Sadly, that front-page story about your data breach is just the beginning

IDC Canada data suggests there are still a lot of organizations under-investing in mobile security. Think through the long-term repercussions


IT security reputational damage Canada

It’s hard to imagine anyone starting a new print newspaper today, but the image on Sanjay Khanna’s slide deck still resonates: It’s a cartoon-like picture of a man brandishing the front page of a broadsheet called THE DAILY BREACH.

The senior analyst for mobile phones at IDC Canada was among a group of speakers at a Toronto Region Board of Trade luncheon last week, where he was talking about the increased need for security on devices. His point with The Daily Breach was obvious before he even went on to explain it: No one  wants their organization to wind up as a headline in a story about a failure to adequately protect sensitive information.

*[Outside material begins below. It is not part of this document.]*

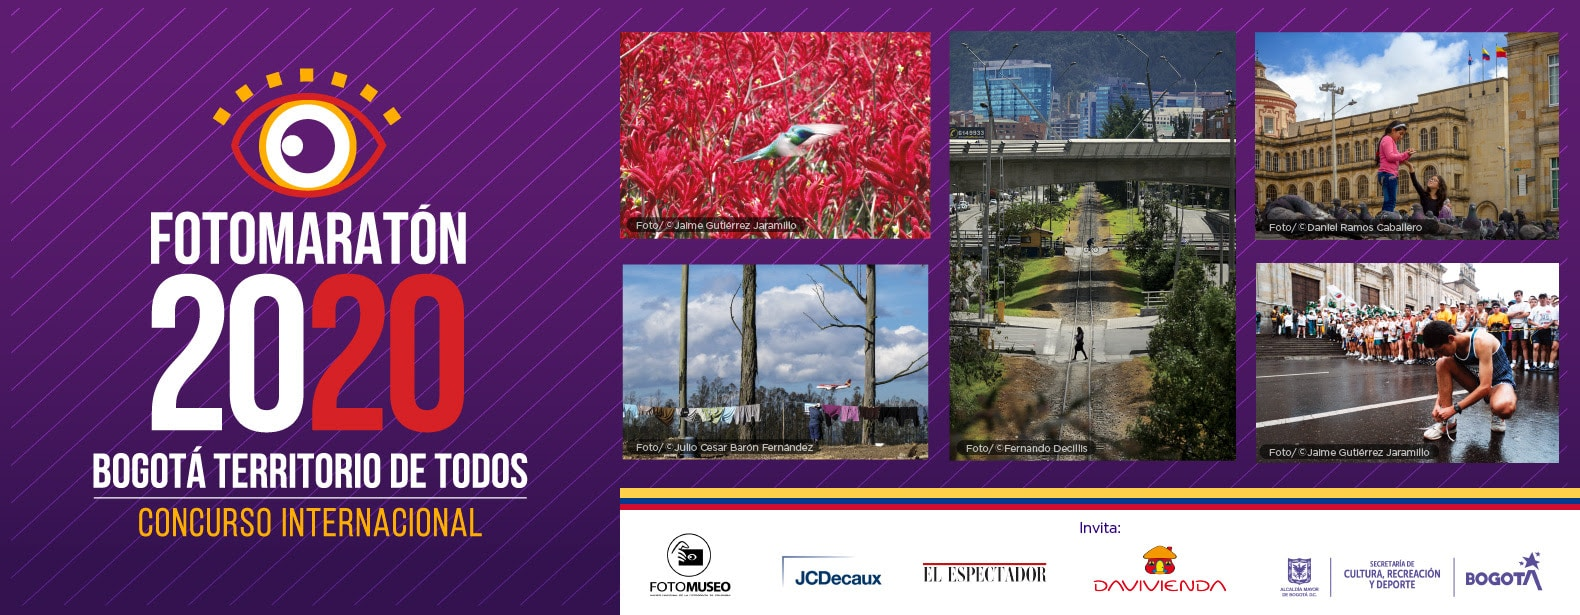 fotomaratón 2020 - Fotomuseo

In fact, according to an IDC Canada research study on this issue, Khanna said only 59 percent of the 120 CIOs surveyed said they have deployed mobile security solutions.

“That’s like saying 40 percent of Torontonians will put locks on their doors. That’s what this situation amounts to,” he said.

He’s right, but I think part of the problem comes down to the fact that people still imagine coverage in The Daily Breach is the worst-case scenario they face. Reputational damage is a real thing, and people do get fired for IT security fiascos (see Exhibit A: former Sony exec Amy Pascal) but the fallout can go much further than that.

People will get over the immediate scandal, but the loss of trust can linger on and cause issues elsewhere. As more organizations create mobile apps to engage with their customers and partners, they will be counting on people to actually install and regularly use them. That won’t happen if people worry the app will open a back door to hackers, or render their smartphone or tablet inoperable.

On a broader scale, mobile technology allows people who once would have required everything to happen at their headquarters to perform key activities outside the office. In that sense, smartphones and tablets become an extension of a company’s physical environment. You would never get a customer to walk through your door if they were worried that thieves were lying in wait on the other side. If mobile device and network security isn’t taken more seriously by enterprises and SMBs, customers may be reluctant to welcome you into their offices, too.

Perhaps most critically, success as a business depends largely upon having the right information at the right time. For all the talk about big data, many firms need to gather more data than they ever have before, but that requires trust on the part of those handing it over. There are now retailers where I no longer give away my e-mail address at the checkout, and I use cash instead of credit or debit. They still get my money, but they lose out on data that could be used to nurture their relationship with me. That’s the incalculable cost of IT security problems.

As with many controversies, what gets published on the front page of the mythical Daily Breach are big news one day and forgotten the next. If they want to prioritize their security budget dollars and avoid the worst mishaps, IT departments need to spend more time thinking of the often deeper, far more interesting stories that happen behind all the headlines.